Given two strings S and T consisting of lower case English letters. The task is to count the distinct occurrences of T in S as a subsequence.

A subsequence is a sequence generated from a string after deleting some or no characters of the string without changing the order of the remaining string characters. (i.e. “ace” is a subsequence of “abcde” while “aec” is not).

For example, for the strings S = “banana” and T=”ban”, output is 3 as T appears in S as below three subsequences.

[ban], [ba n], [b an ]

Detailed explanation ( Input/output format, Notes, Images )
Input Format: 
The first line of input contains an integer ‘T’ representing the number of test cases. Then the test cases follow.

The first line of each test case contains string S consisting of lowercase English letters.

The second line of each test case contains string T consisting of lowercase English letters.
Output Format: 
For each test case, print a single integer denoting the count of distinct occurrences of T in S as a subsequence.

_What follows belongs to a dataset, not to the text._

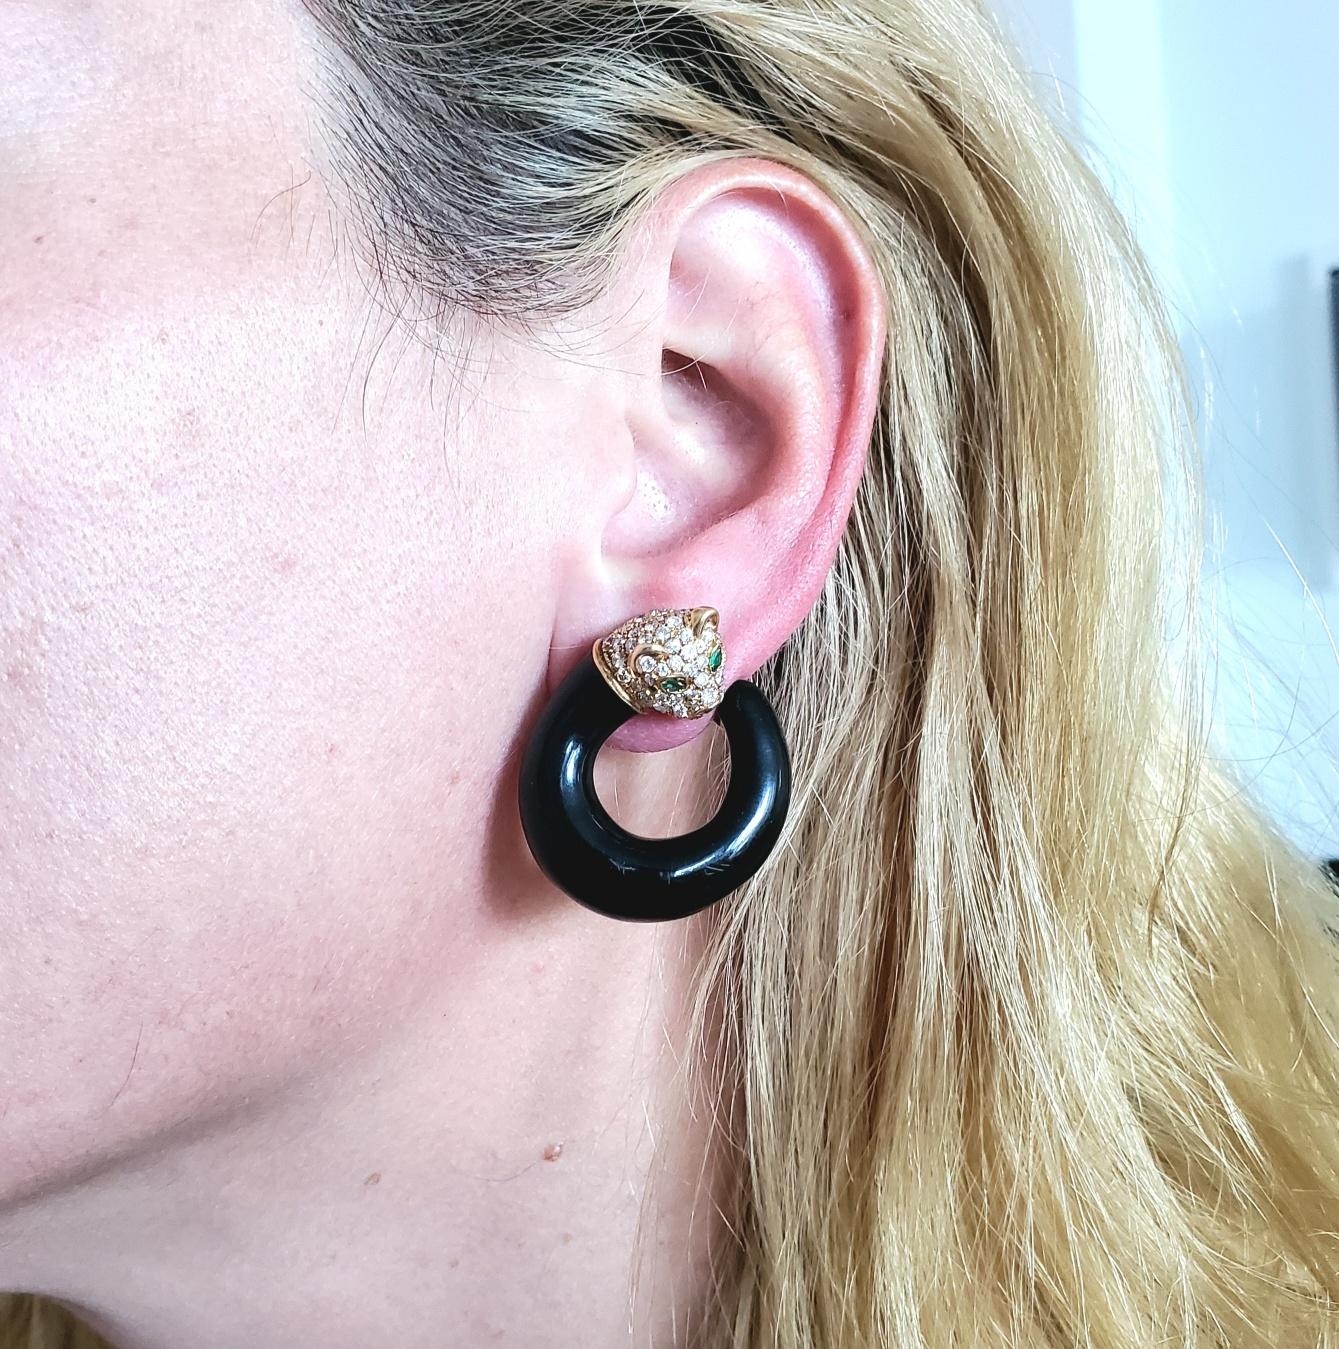 Panther clips earrings designed by Fred of Paris.

Beautiful pair of rounded panthers clip-on earrings, created in Paris France by the jewelry house of Fred Joaillier, back in the late 1970's. This gem set pair has been crafted in the shape of

The output for each test case is in a separate line.
Note: 
You do not need to print anything; it has already been taken care of.
Constraints: 
1 <= T <= 10
1 <= N <= 100

Where ‘T’ is the number of test cases, and ‘N’ is the length of the strings.

Time Limit: 1sec
Sample Input 1:
2
banana
ban
babgbag
bag
Sample Output 1:
3
5
Explanation of Sample Input 1:
For the first test case, there are 3 ways we can generate “ban” from S, i.e. [ban], [ba  n], [b  an ].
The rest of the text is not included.